→ **WHAT NEEDS TO BE DONE**
Quote all lines below exactly. Images stay out.

→ **DATA SECTION**
════════════════

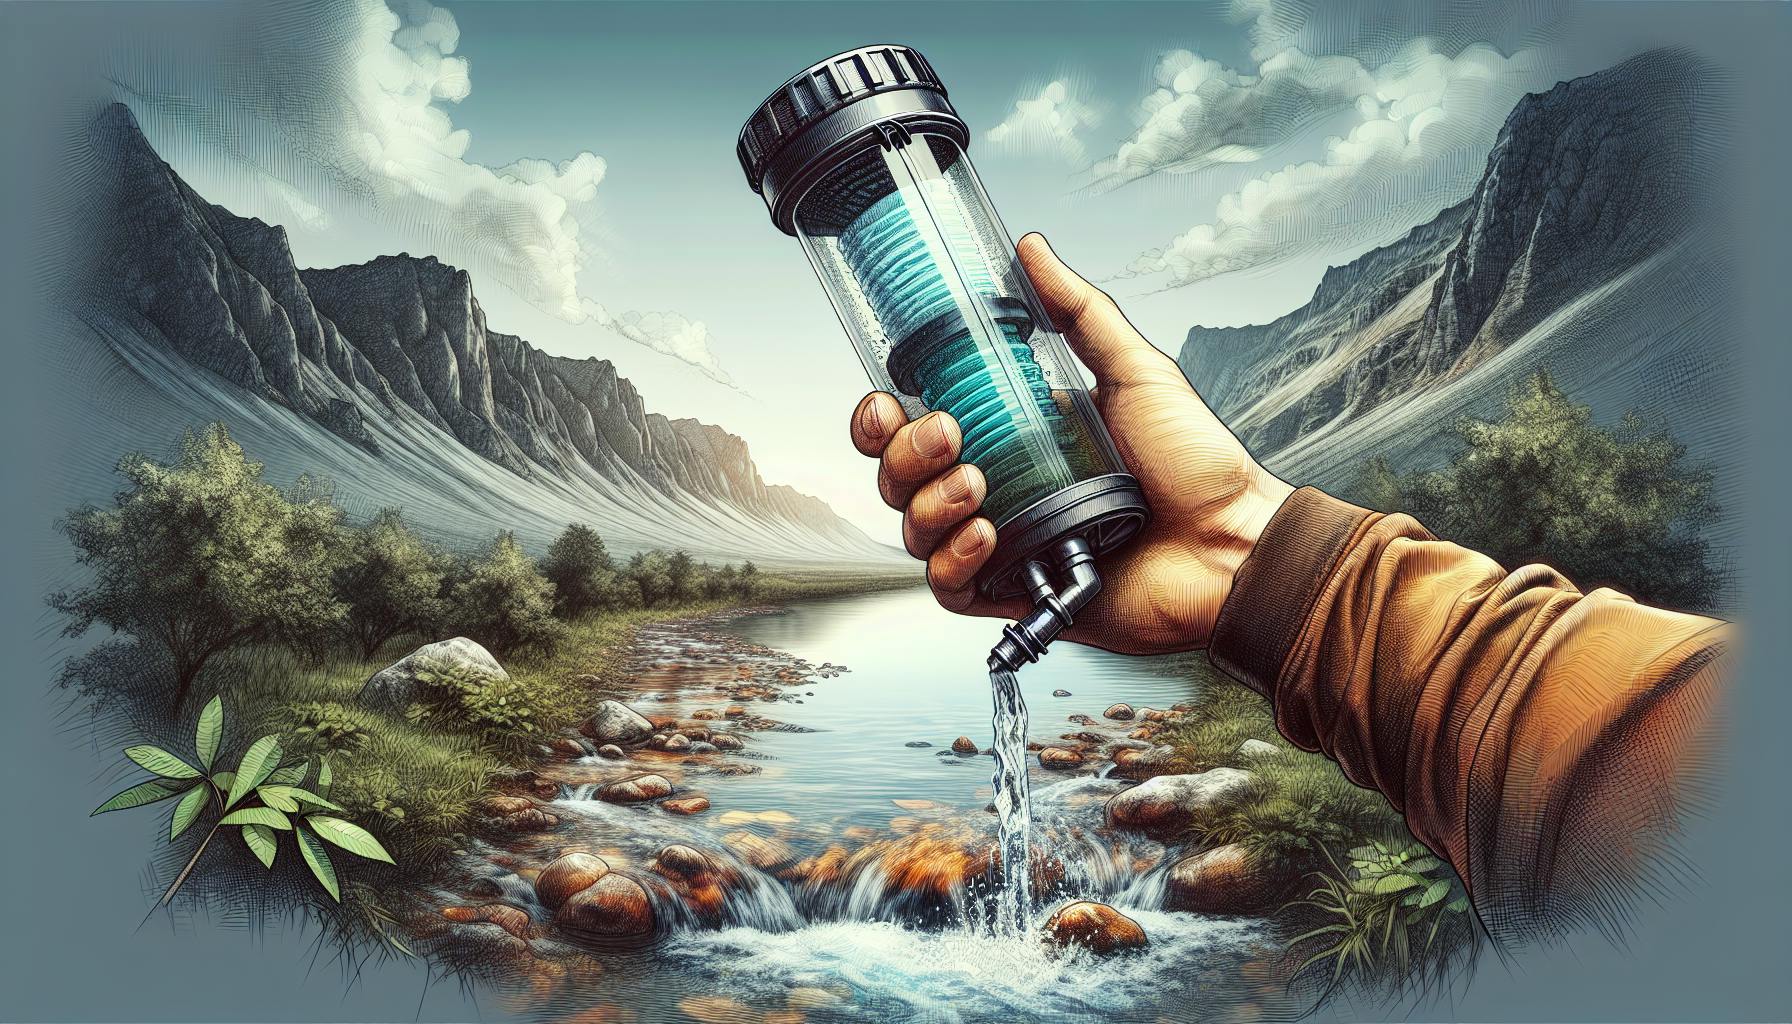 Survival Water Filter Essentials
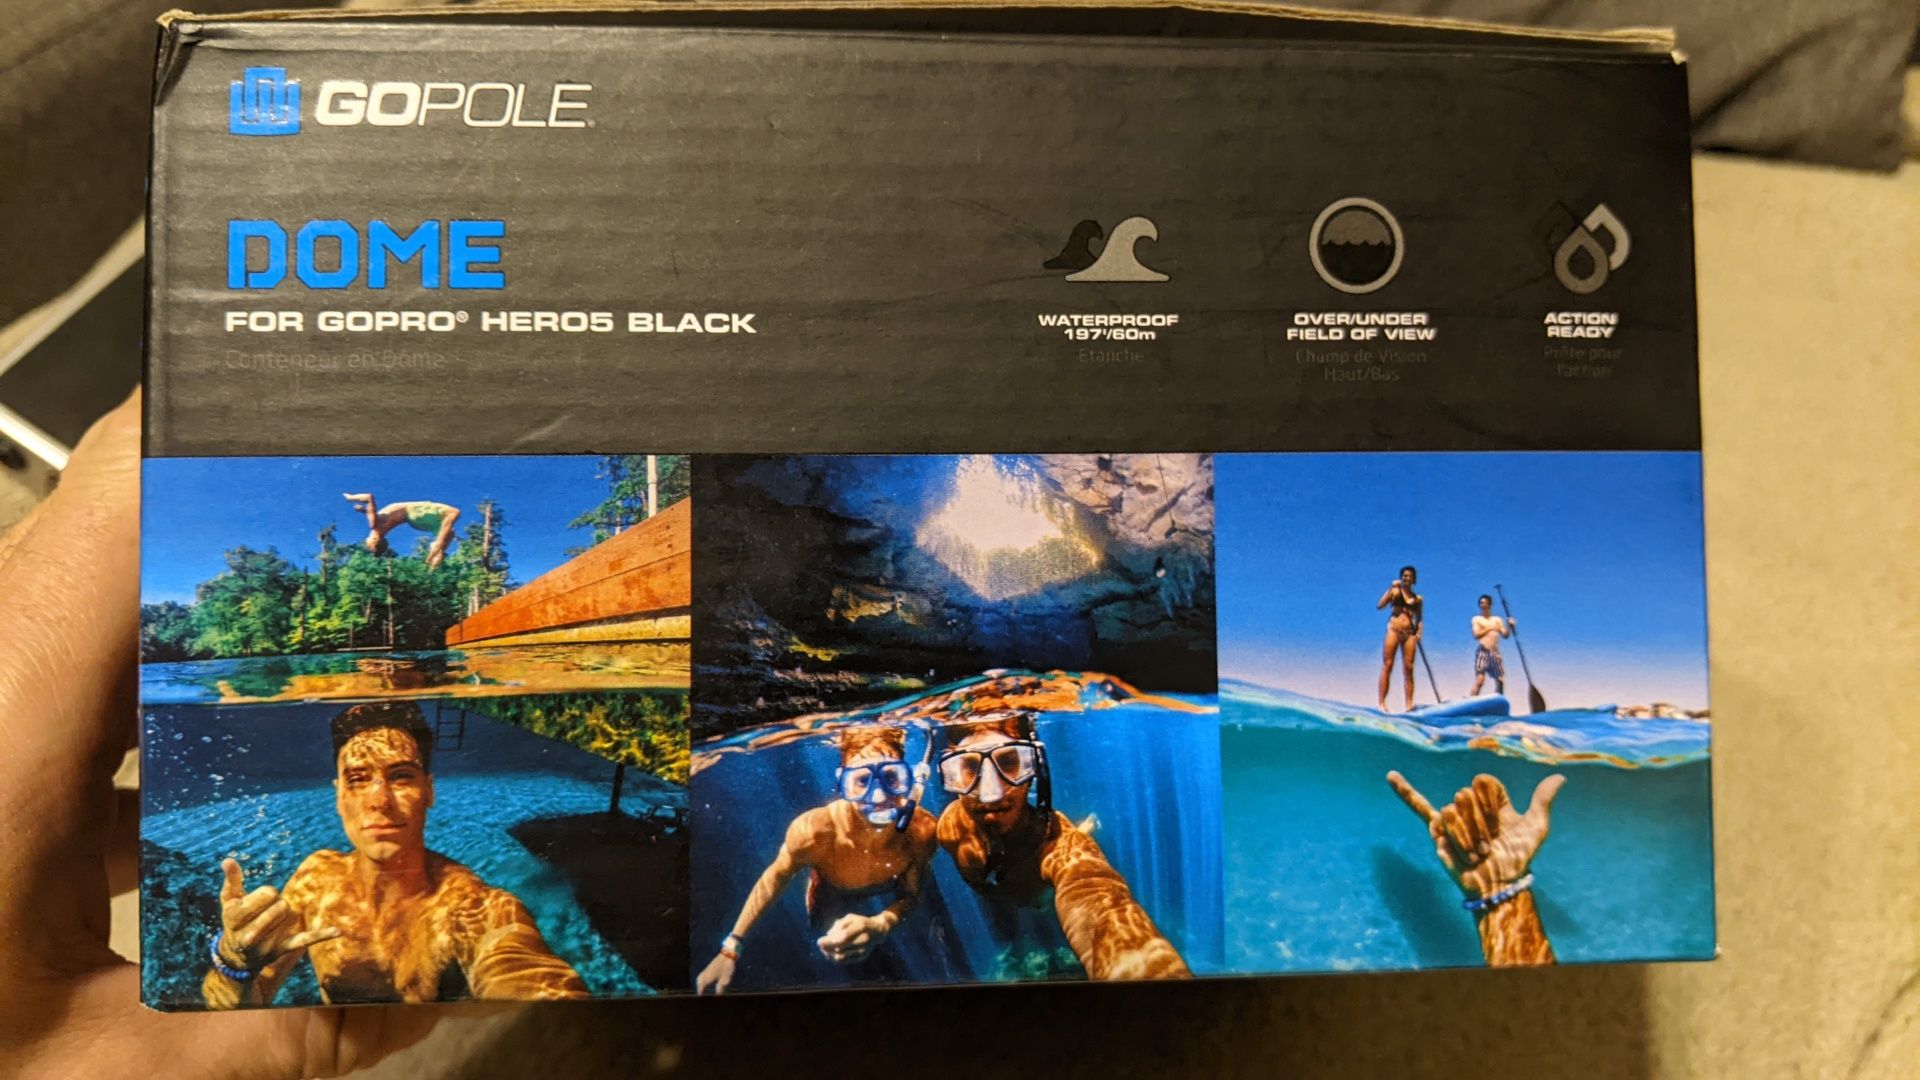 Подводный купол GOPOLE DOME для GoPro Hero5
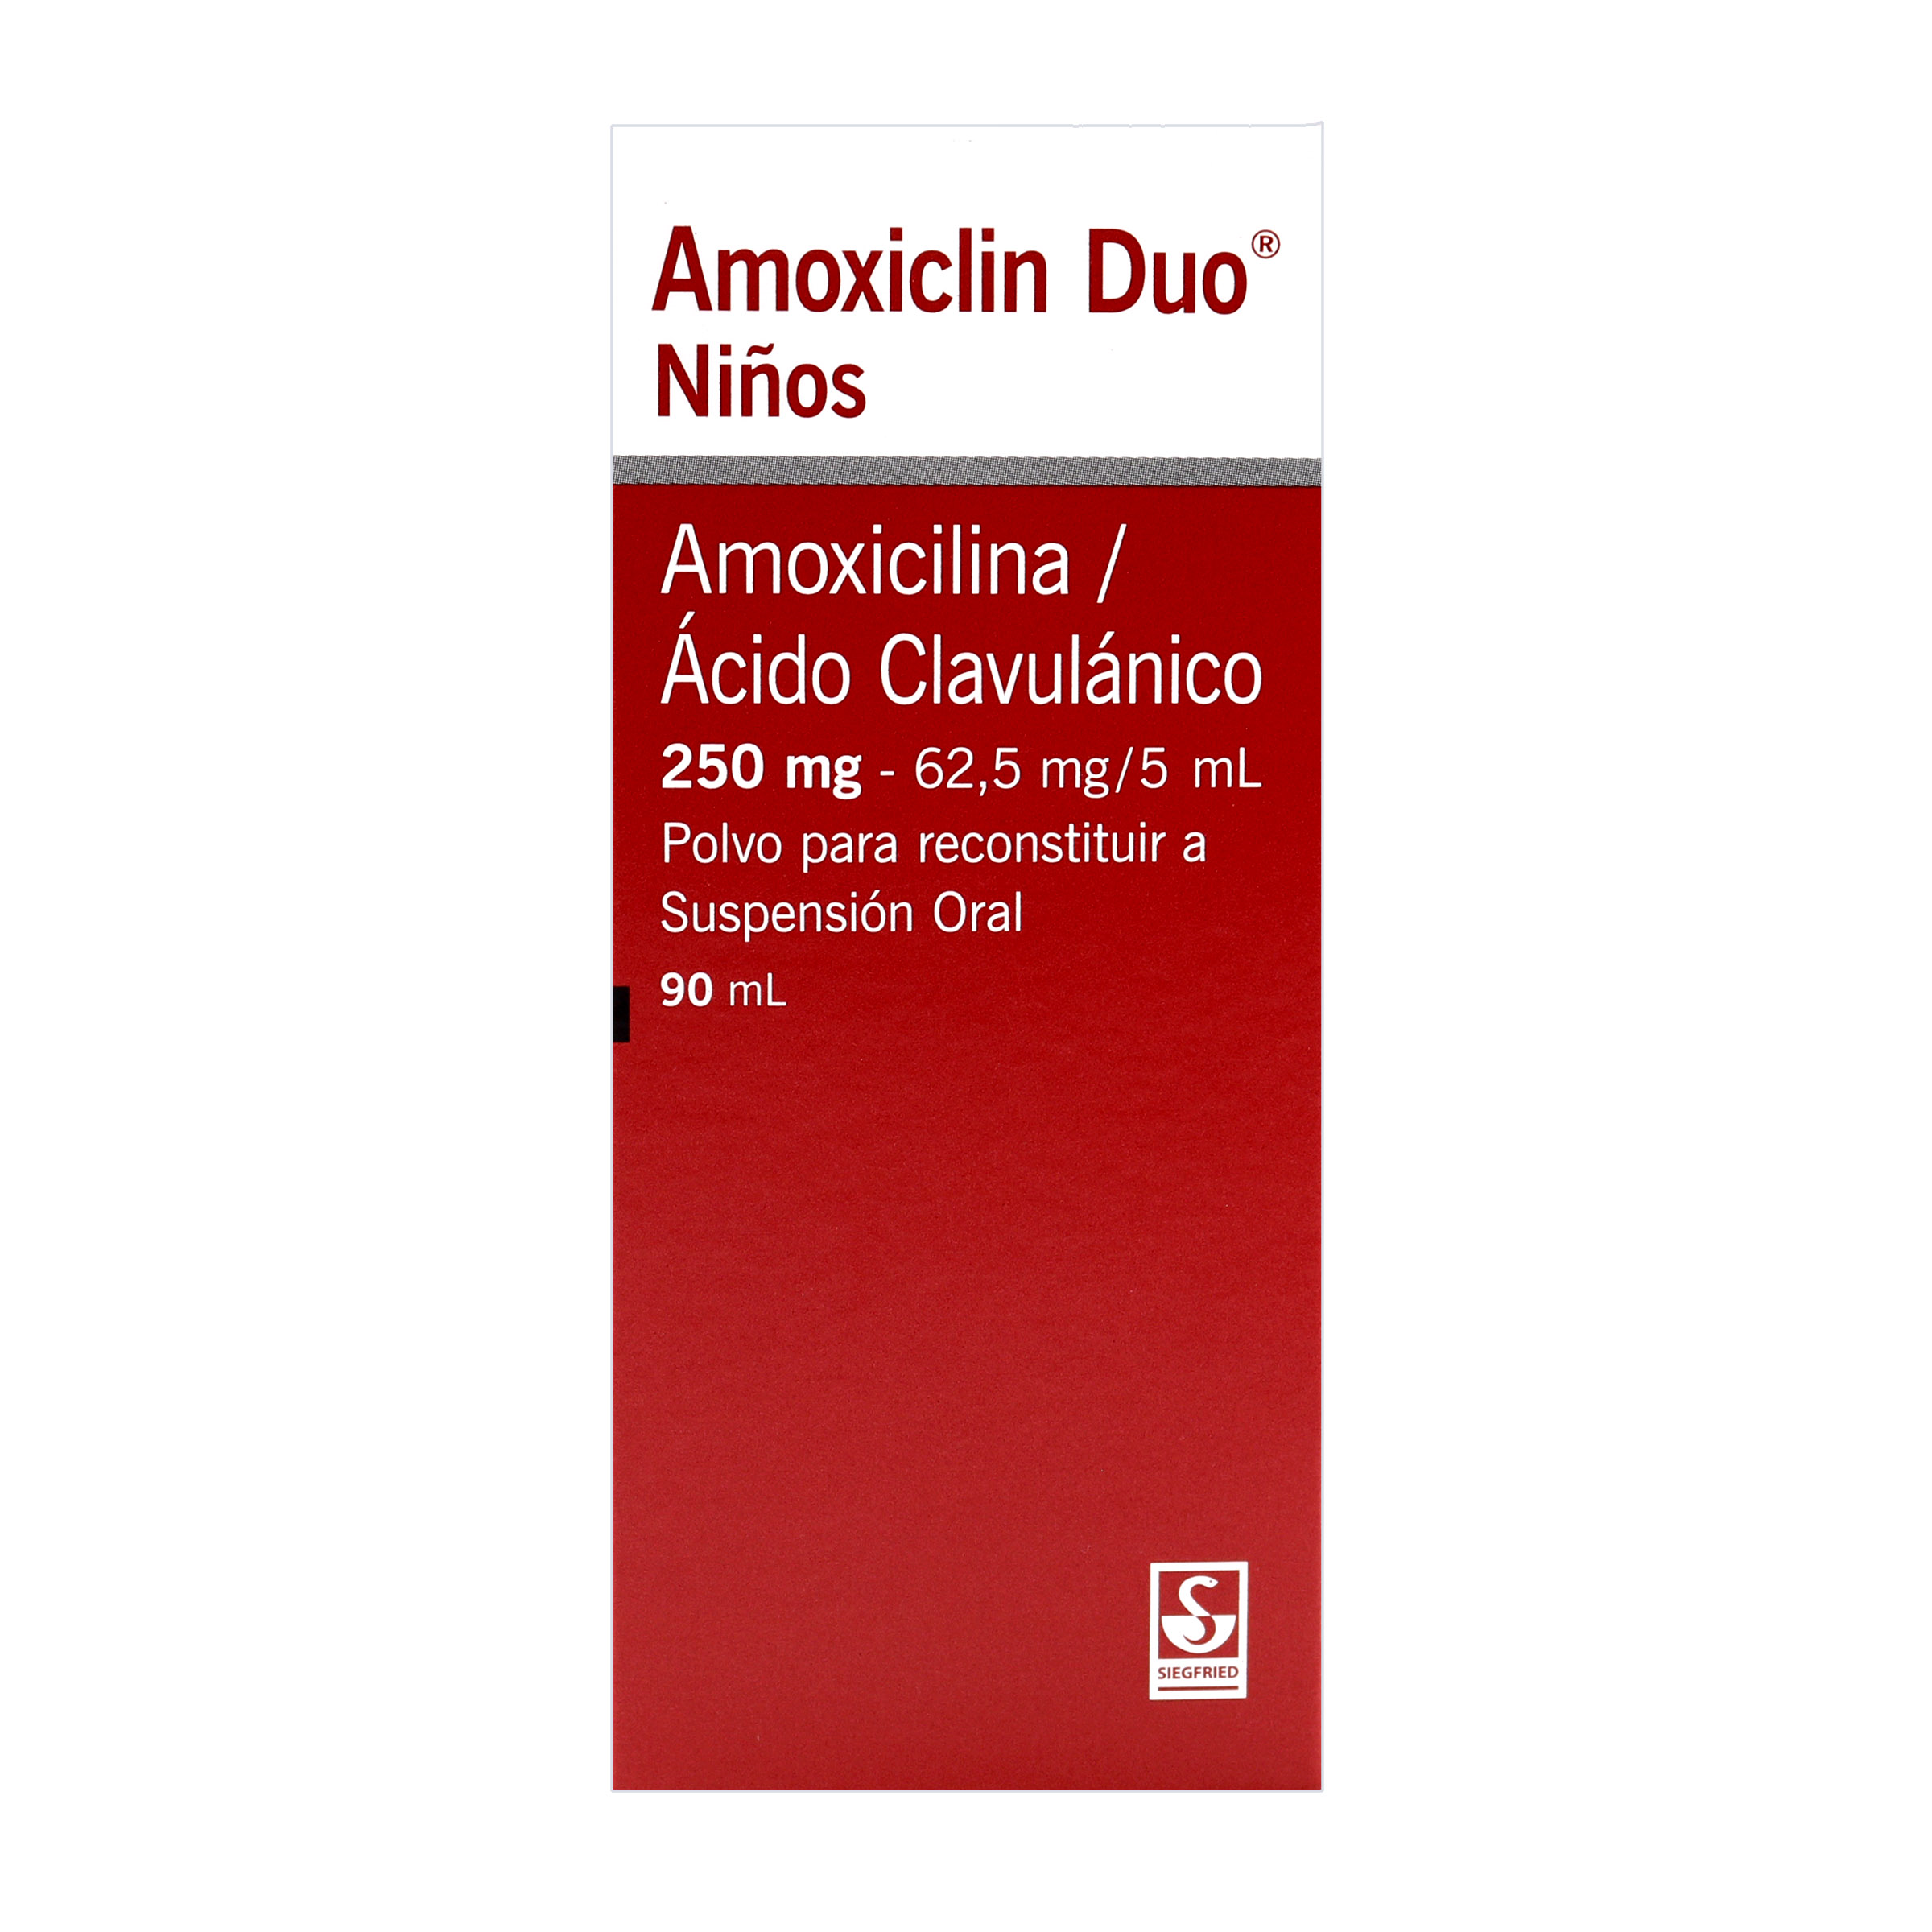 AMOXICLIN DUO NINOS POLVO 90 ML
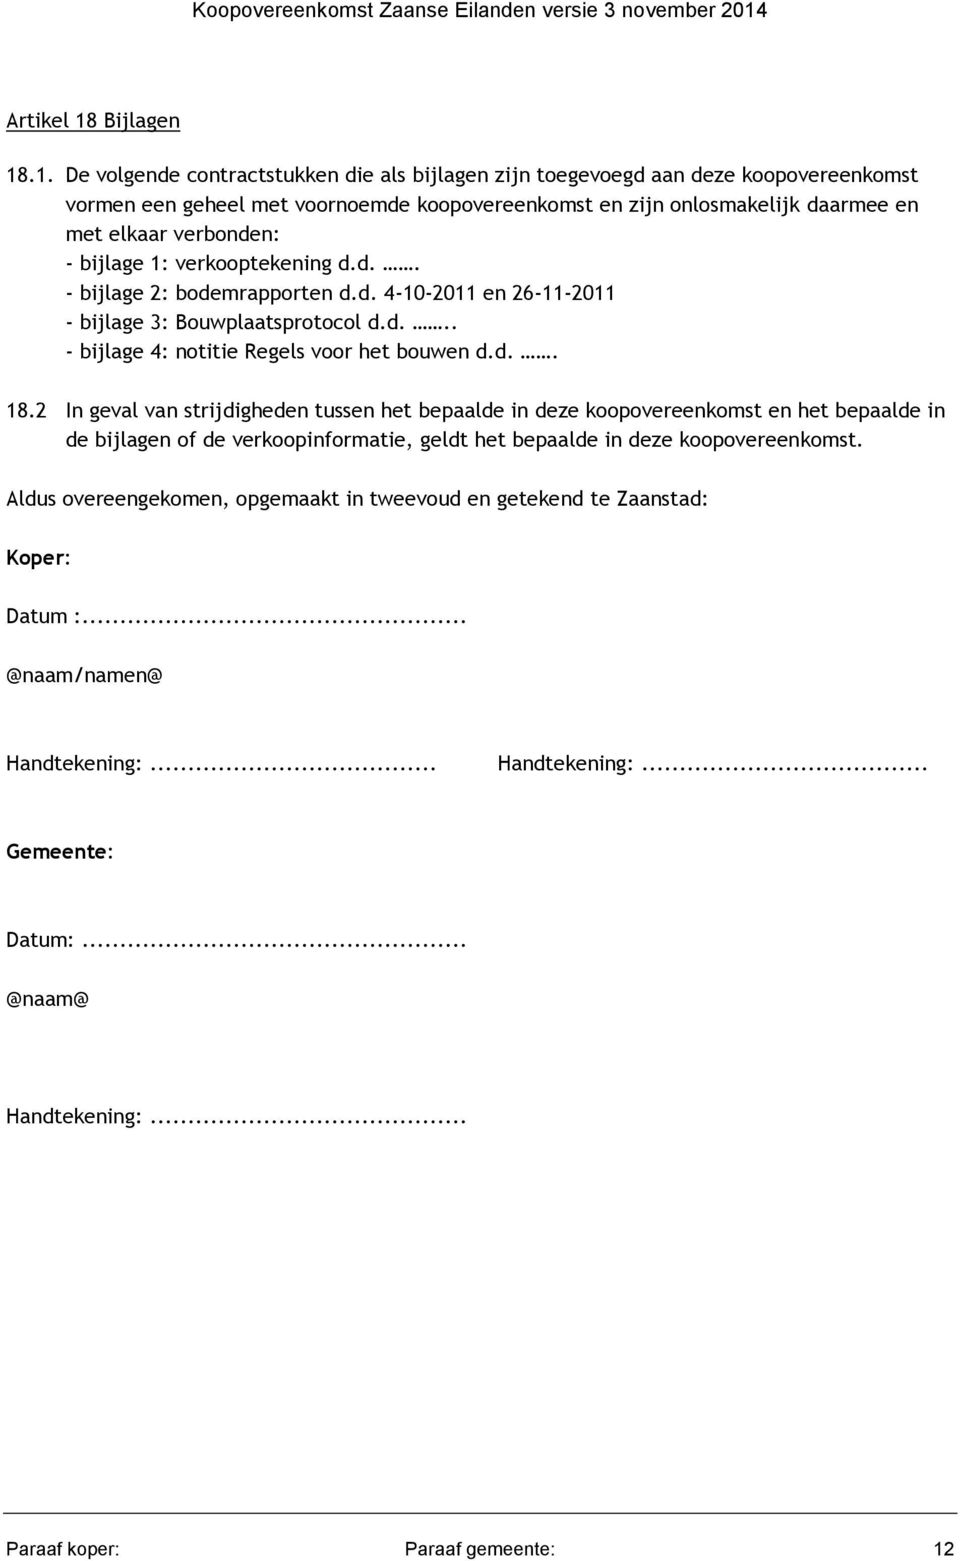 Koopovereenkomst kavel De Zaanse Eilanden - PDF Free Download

════════════════

→ **WORKED SOLUTION**
 Survival Water Filter Essentials
 Подводный купол GOPOLE DOME для GoPro Hero5
 AMOXICLIN DUO NINOS POLVO 90 ML
 Koopovereenkomst kavel De Zaanse Eilanden - PDF Free Download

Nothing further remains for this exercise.